Tuesday morning, she had a promise to fulfill. Her sister-in-law had asked her to photograph her two nieces on their first day of school. Taking the bus out into the suburbs, she imagined the future lives of the photos - 10 year periods of abandonment followed by bursts of surprised amusement. The photographs would hopefully go through a process that turned them a little yellow and brittle. This would give them some integrity. However, there are so many unknowns with digital prints. Would they want data files instead of prints? What kinds of miraculous technology would her nieces be using by the time they took interest in the photos she was planning to take?
It wasn't deliberate. It just kind of happened. After breakfast, she started to write down the first phrases and words that came to her mind: things her friends had said, witticisms she had read, song lyrics, nonsense. In total, 238 things had been written down. It was time to select 238 photos in which to photoshop the words onto - a random photo storybook. Her life, or at least how she wanted to romanticize it.
Waking up late with a bit of a cold, she was a little giddy that a day of laziness could be reasonably justified.
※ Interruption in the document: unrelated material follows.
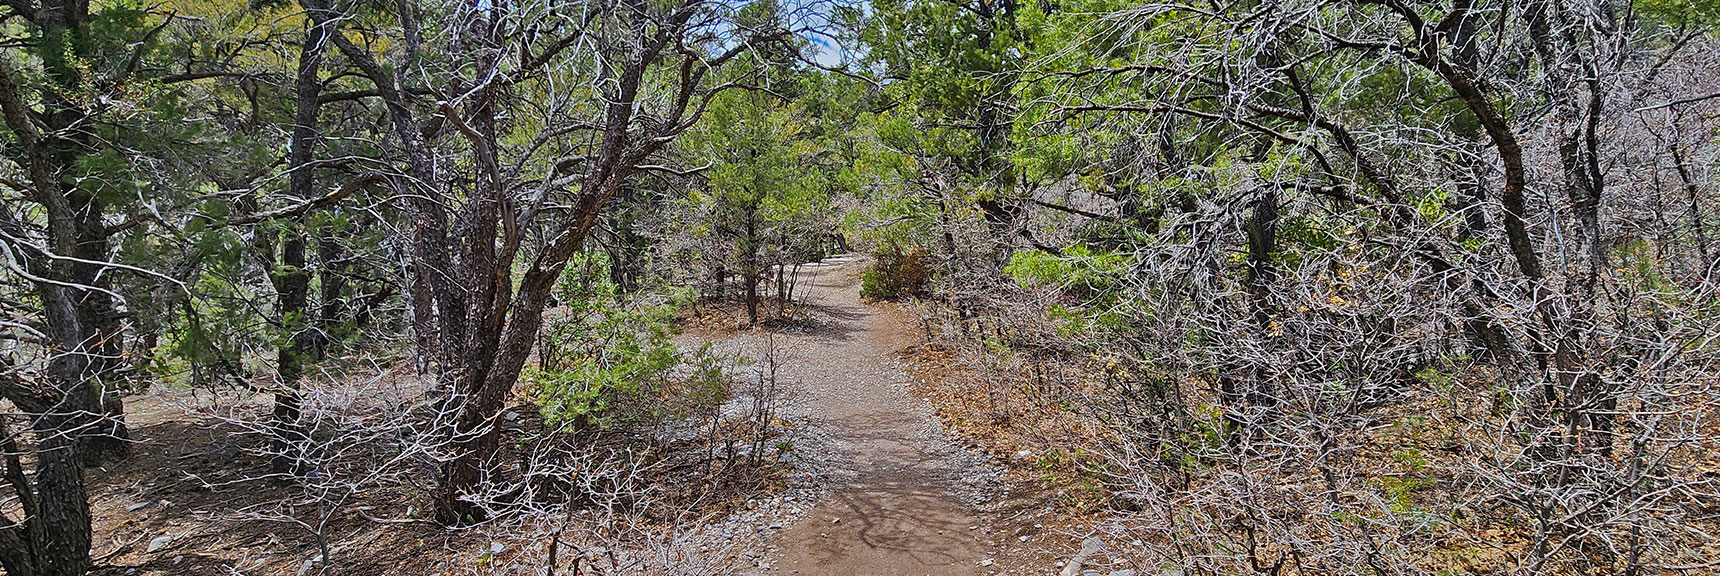 Beautiful, Forested Trail | Fletcher Canyon Trail | Mt Charleston Wilderness | Spring Mountains, Nevada

She was quartering a red apple with great care when she became completely overwhelmed by the song on the radio - 'Music For A Found Harmonium' by Simon Jeffes. The joy and sadness of the song were so intertwined that she didn't know how to react. She was frozen. "Nothing I could ever do would be worth this song in trade," she thought to herself. "Maybe I should stop creating mediocre culture so that people could more easily find the good stuff."
Yet another Friday, another approaching weekend. She remembered Van Gogh's quote, "I seek to find a way to express the desperately swift passing away of things in modern life" and wondered exactly what 'things' he is referring to. Shifting back to her own life, her own living room, she reflected on the things swiftly passing by her. Out on her veranda, a squadron of dark birds are flying by. She takes several quick snapshots, even though she knows that this is not what Van Gogh was referring to.
Taking a taxi to Market Street Photo Supplies, she picked up the prints and 6x4.5 negatives that were hastily dropped off two weeks earlier. A light leak in the back of the camera has ruined each image with vertical red streaks. But they are beautiful and mysterious. She is reminded that accidents are not always a bad thing.
Talking long-distance on the phone with her brother in London, they both quickly realized that they didn't have much to talk about. She recalled the stupid games they used to play - in particular, the 'boring game'. On long car drives or flights, they would compete to see who could come up with the most boring ideas, poems, foods, people and TV shows. In retrospect, the game was actually quite interesting. As soon as she had hung up the phone she left her flat, camera in hand, in search of the most boring images possible, which would surely make for the most interesting photographs ever taken.